━━━ Stored data ━━━

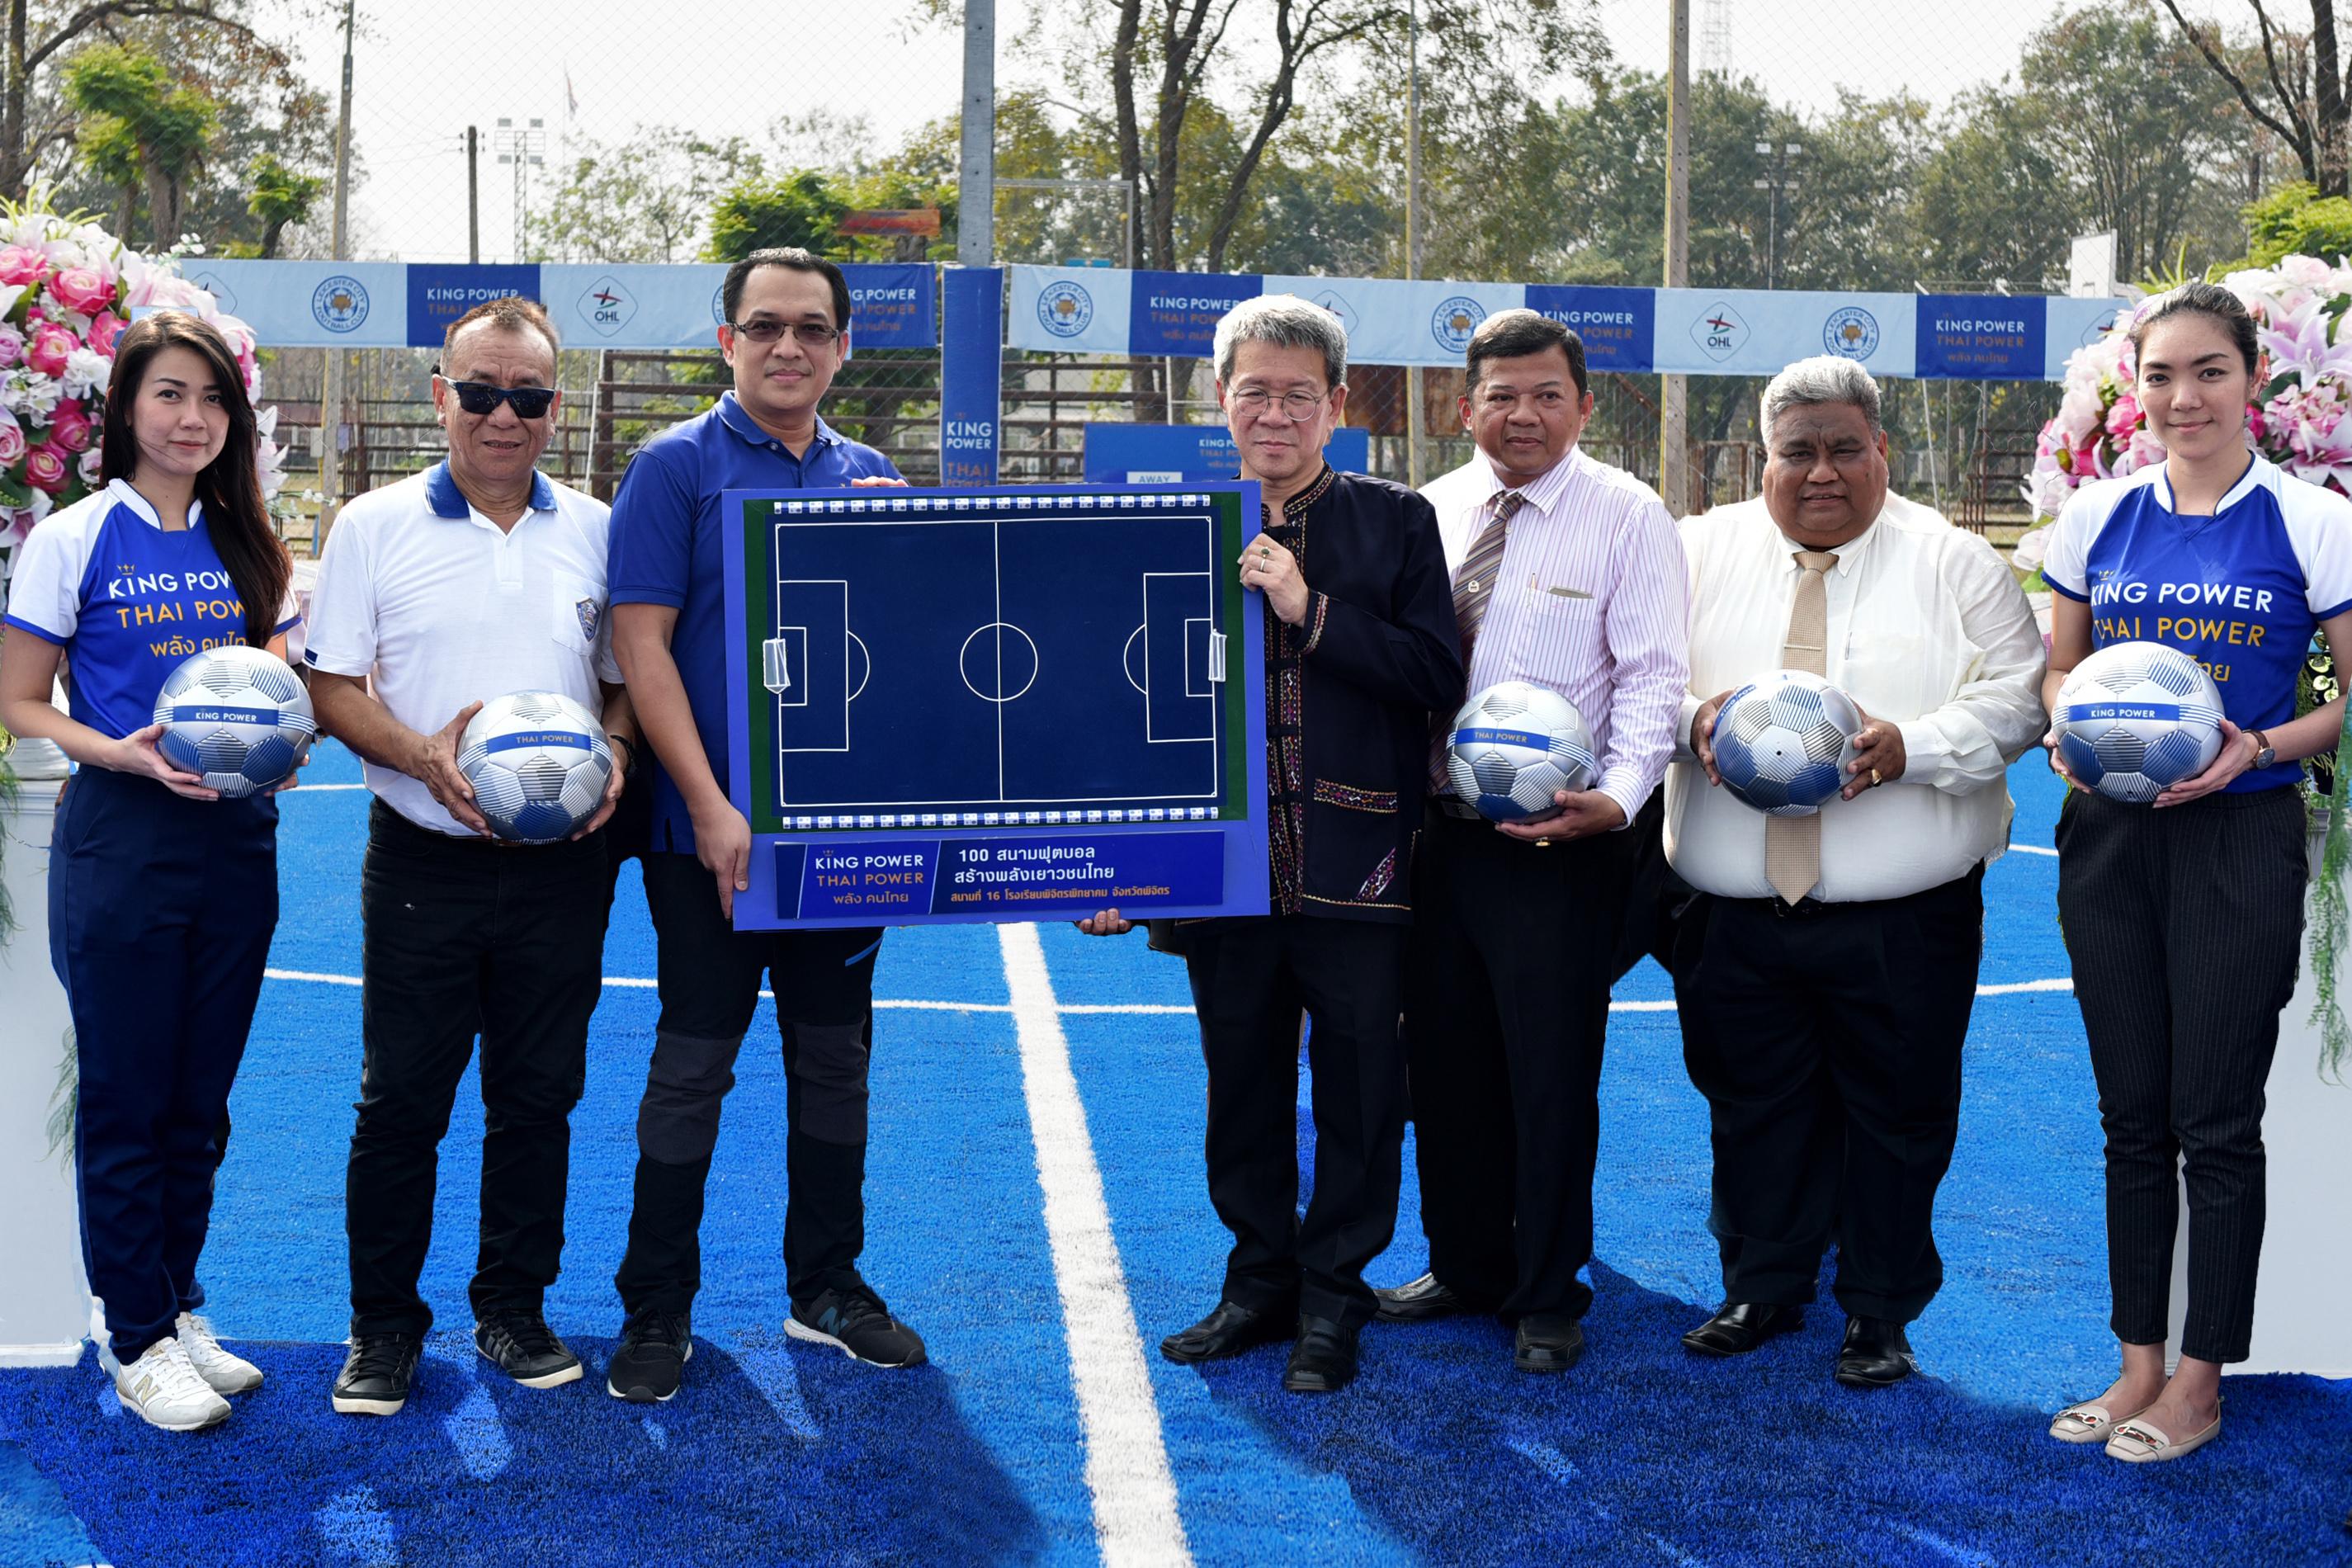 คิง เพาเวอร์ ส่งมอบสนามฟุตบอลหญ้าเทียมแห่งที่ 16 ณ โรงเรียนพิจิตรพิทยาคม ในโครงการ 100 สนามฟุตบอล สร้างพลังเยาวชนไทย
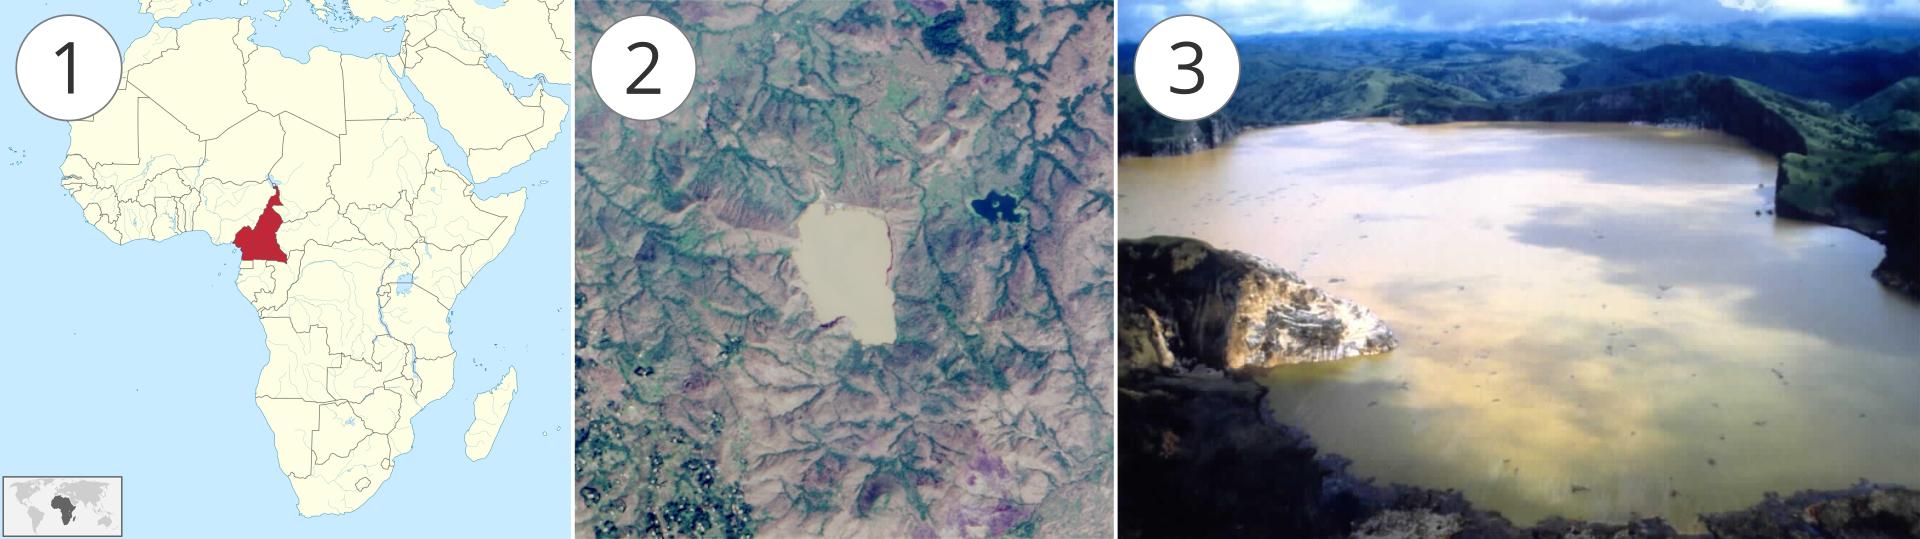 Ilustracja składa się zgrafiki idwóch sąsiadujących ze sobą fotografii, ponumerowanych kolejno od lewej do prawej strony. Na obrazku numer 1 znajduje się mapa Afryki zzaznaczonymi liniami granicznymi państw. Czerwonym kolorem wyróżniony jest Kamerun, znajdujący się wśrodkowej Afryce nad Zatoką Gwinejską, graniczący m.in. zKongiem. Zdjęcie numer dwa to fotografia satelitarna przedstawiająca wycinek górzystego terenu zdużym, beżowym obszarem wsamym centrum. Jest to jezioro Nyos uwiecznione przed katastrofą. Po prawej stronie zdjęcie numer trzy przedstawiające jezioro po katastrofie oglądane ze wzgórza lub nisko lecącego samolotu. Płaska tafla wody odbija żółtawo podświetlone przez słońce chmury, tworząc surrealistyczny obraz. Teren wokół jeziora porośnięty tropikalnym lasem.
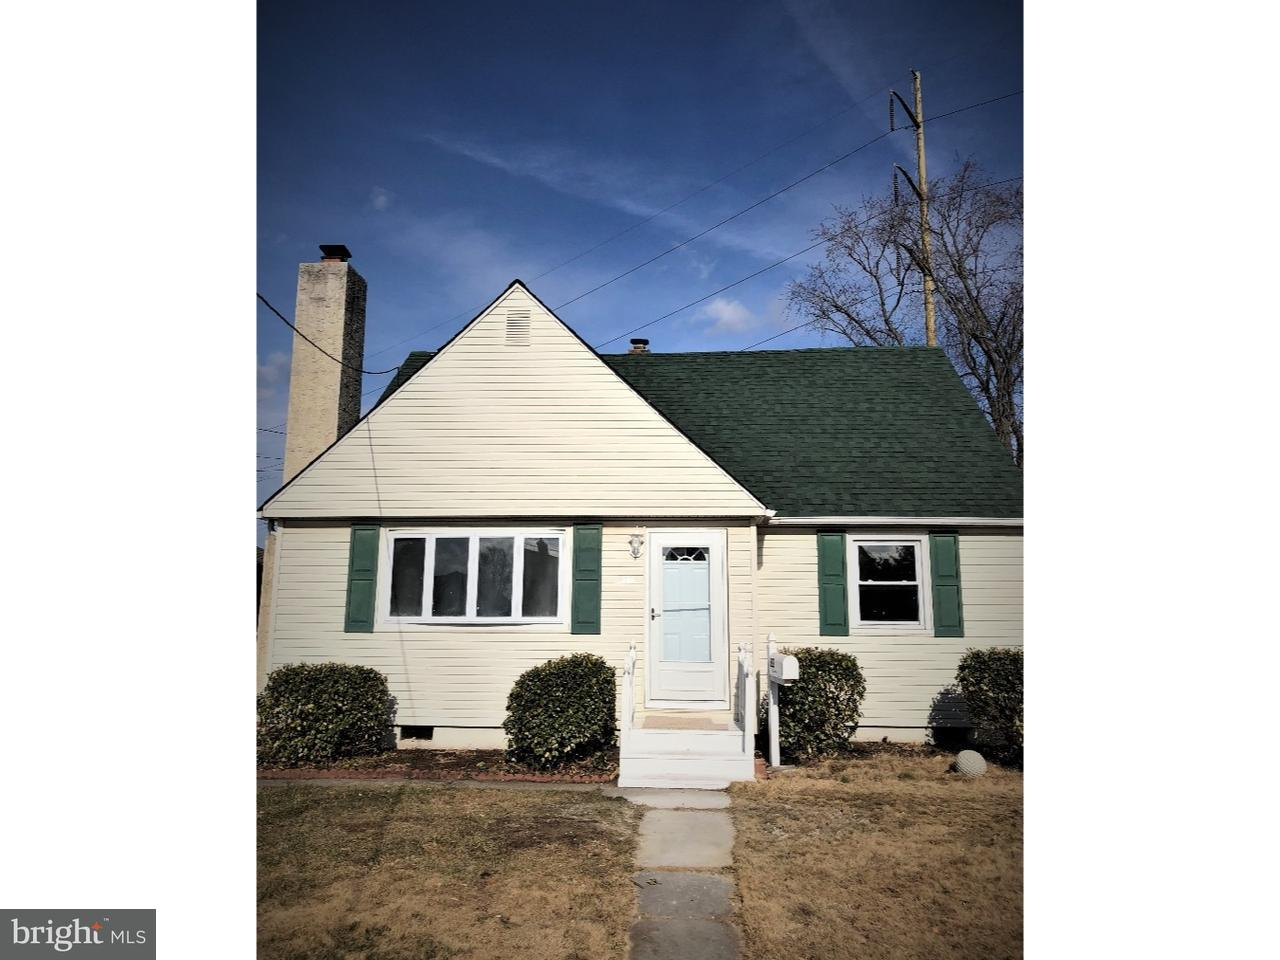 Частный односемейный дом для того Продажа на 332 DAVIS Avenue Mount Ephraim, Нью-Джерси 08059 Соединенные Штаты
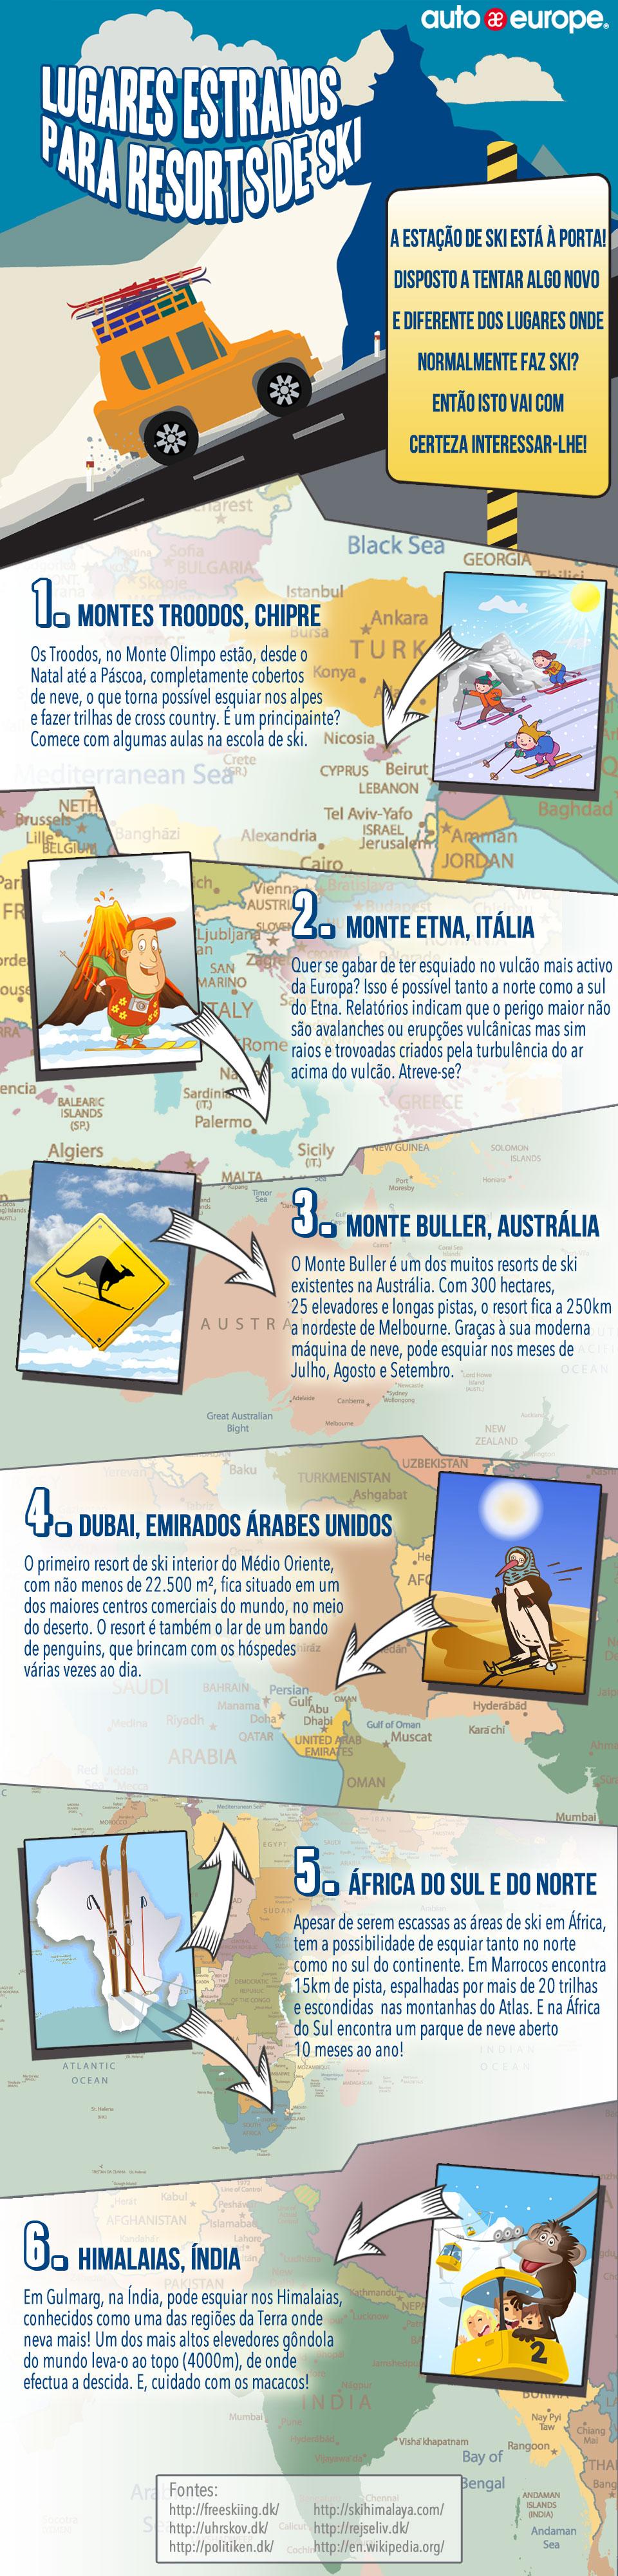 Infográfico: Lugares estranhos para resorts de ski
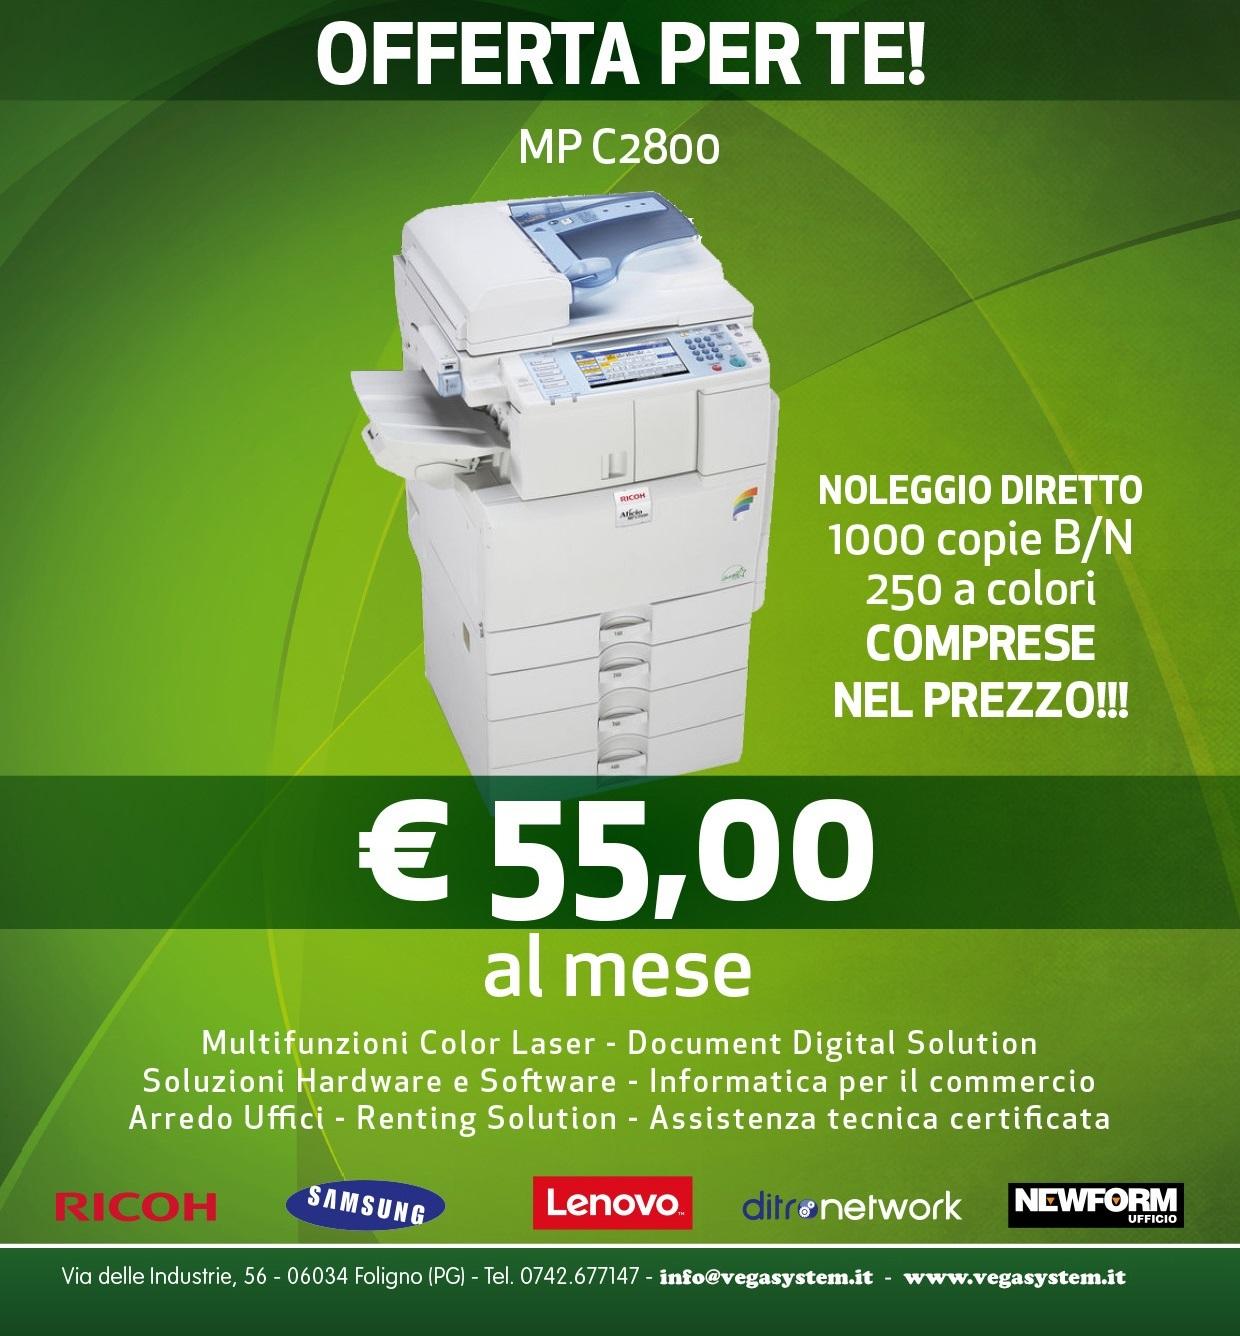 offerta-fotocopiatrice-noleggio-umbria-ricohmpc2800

━━━

-- Problem statement --
Line by line, return the listing above exactly, dropping every picture.

-- Solved problem --
 คิง เพาเวอร์ ส่งมอบสนามฟุตบอลหญ้าเทียมแห่งที่ 16 ณ โรงเรียนพิจิตรพิทยาคม ในโครงการ 100 สนามฟุตบอล สร้างพลังเยาวชนไทย
 Ilustracja składa się zgrafiki idwóch sąsiadujących ze sobą fotografii, ponumerowanych kolejno od lewej do prawej strony. Na obrazku numer 1 znajduje się mapa Afryki zzaznaczonymi liniami granicznymi państw. Czerwonym kolorem wyróżniony jest Kamerun, znajdujący się wśrodkowej Afryce nad Zatoką Gwinejską, graniczący m.in. zKongiem. Zdjęcie numer dwa to fotografia satelitarna przedstawiająca wycinek górzystego terenu zdużym, beżowym obszarem wsamym centrum. Jest to jezioro Nyos uwiecznione przed katastrofą. Po prawej stronie zdjęcie numer trzy przedstawiające jezioro po katastrofie oglądane ze wzgórza lub nisko lecącego samolotu. Płaska tafla wody odbija żółtawo podświetlone przez słońce chmury, tworząc surrealistyczny obraz. Teren wokół jeziora porośnięty tropikalnym lasem.
 Частный односемейный дом для того Продажа на 332 DAVIS Avenue Mount Ephraim, Нью-Джерси 08059 Соединенные Штаты
 Infográfico: Lugares estranhos para resorts de ski
 offerta-fotocopiatrice-noleggio-umbria-ricohmpc2800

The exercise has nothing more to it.